Libya’s sovereign wealth fund, the Libyan Investment Authority, opened its London court case against US-based Goldman Sachs on 13 June.

The LIA is aiming to recover $1.2bn lost in nine disputed trades in 2008, on which Goldman Sachs made a $200m profit.

It claims that the trades were made under “undue influence” from Goldman Sachs, and that the complex structured derivatives were unsuitable for an unsophisticated investor such as the LIA.

“The claims are without merit and we will continue to defend them vigorously,” responded Goldman Sachs, which denies all wrongdoing. It argues that the LIA’s losses were due to the 2008 global financial crisis.

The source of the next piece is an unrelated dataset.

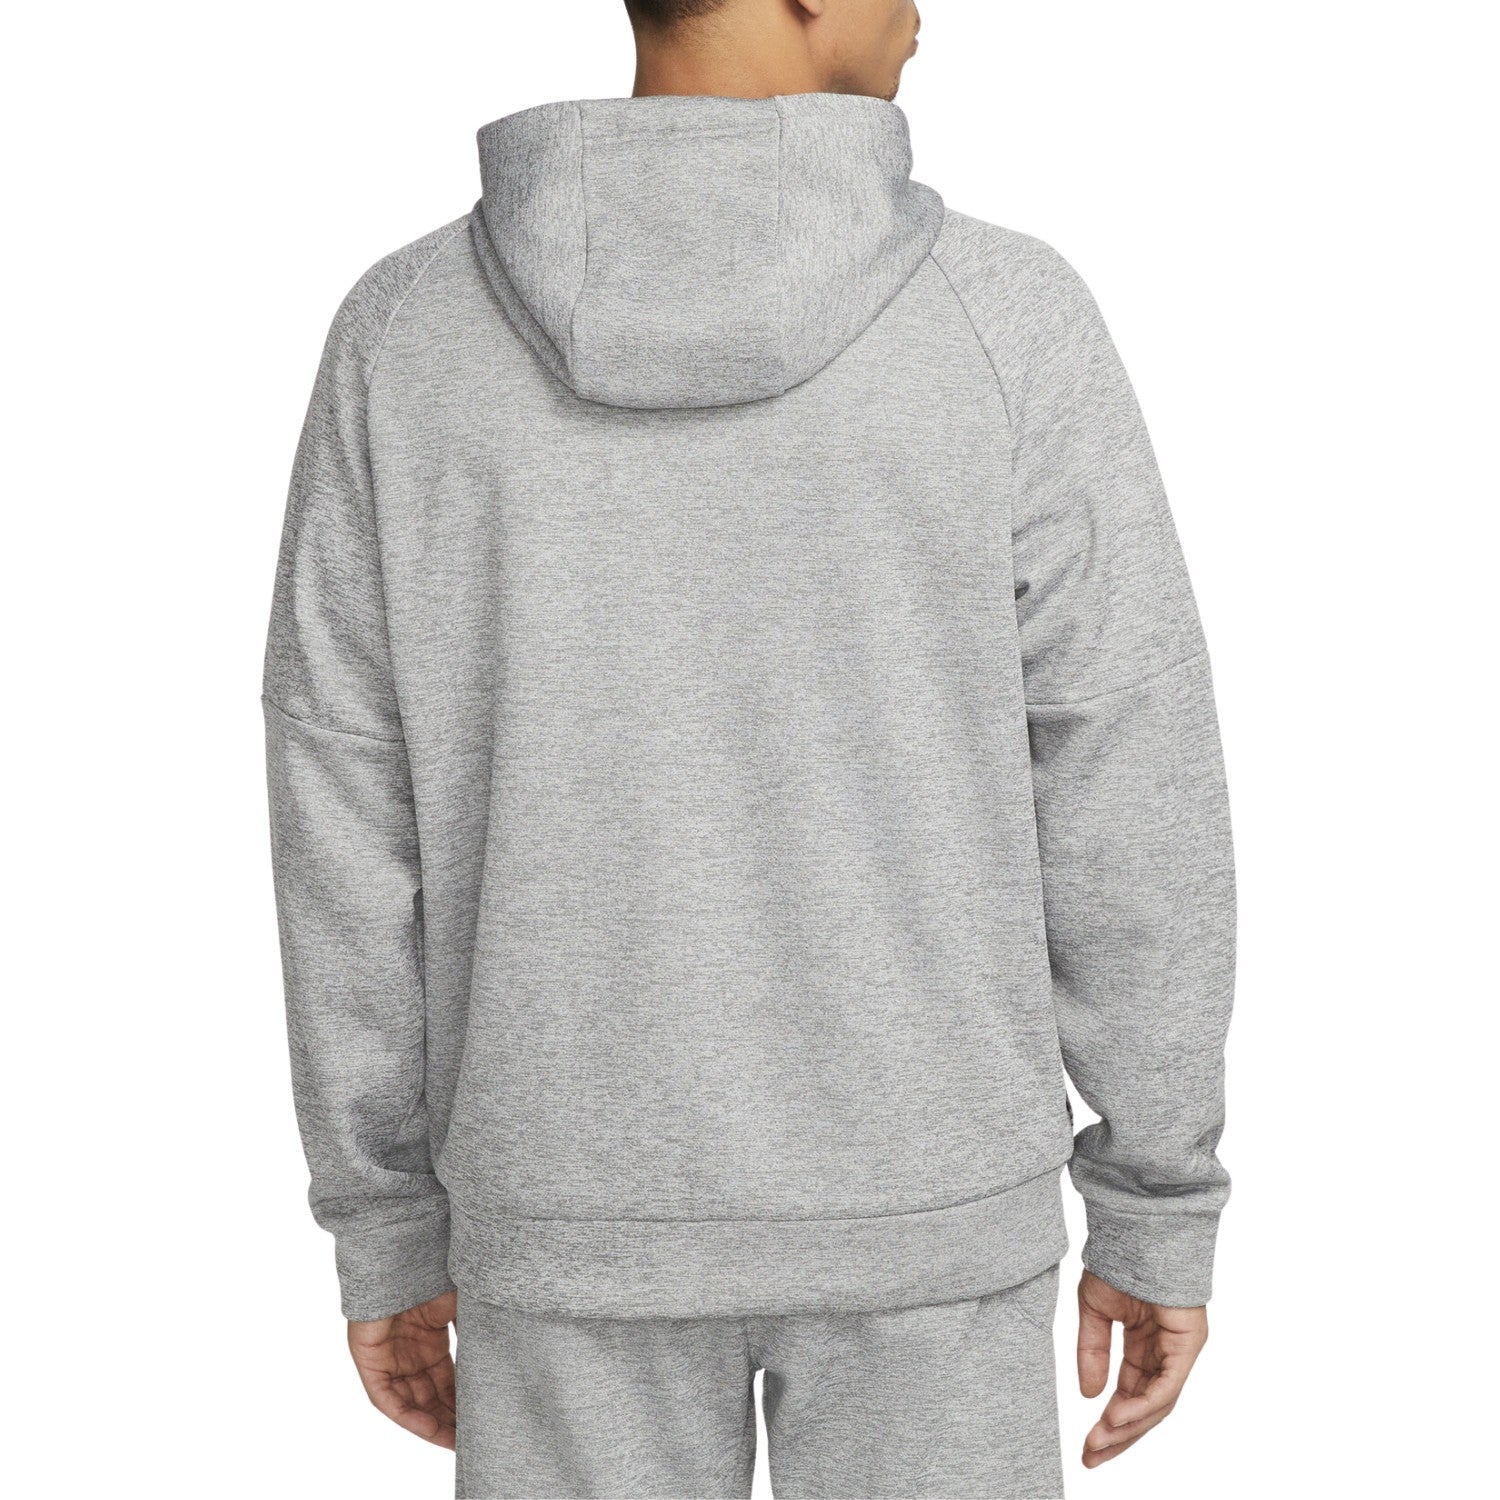 Nike Mens Therma Fit Grey Hoodie Mens Style : Dq4830

The LIA was set up in 2006 to manage and invest Libya’s oil wealth.

The LIA also claims that Goldman Sachs acted improperly by offering a paid internship to the brother of Mustafa Zarti, a senior official at the fund. One Goldman Sachs employee took him on holidays to Morocco and Dubai, including paying for prostitutes, the LIA alleges.

The LIA is also pursuing France’s Societe Generale in a similar case worth $2.1bn.

It is also subject to a leadership dispute between Hassan Bouhadi and AbdulMagid Breish. The latter was removed under a law preventing Gaddafi regime figures from holding government posts, but disputes this.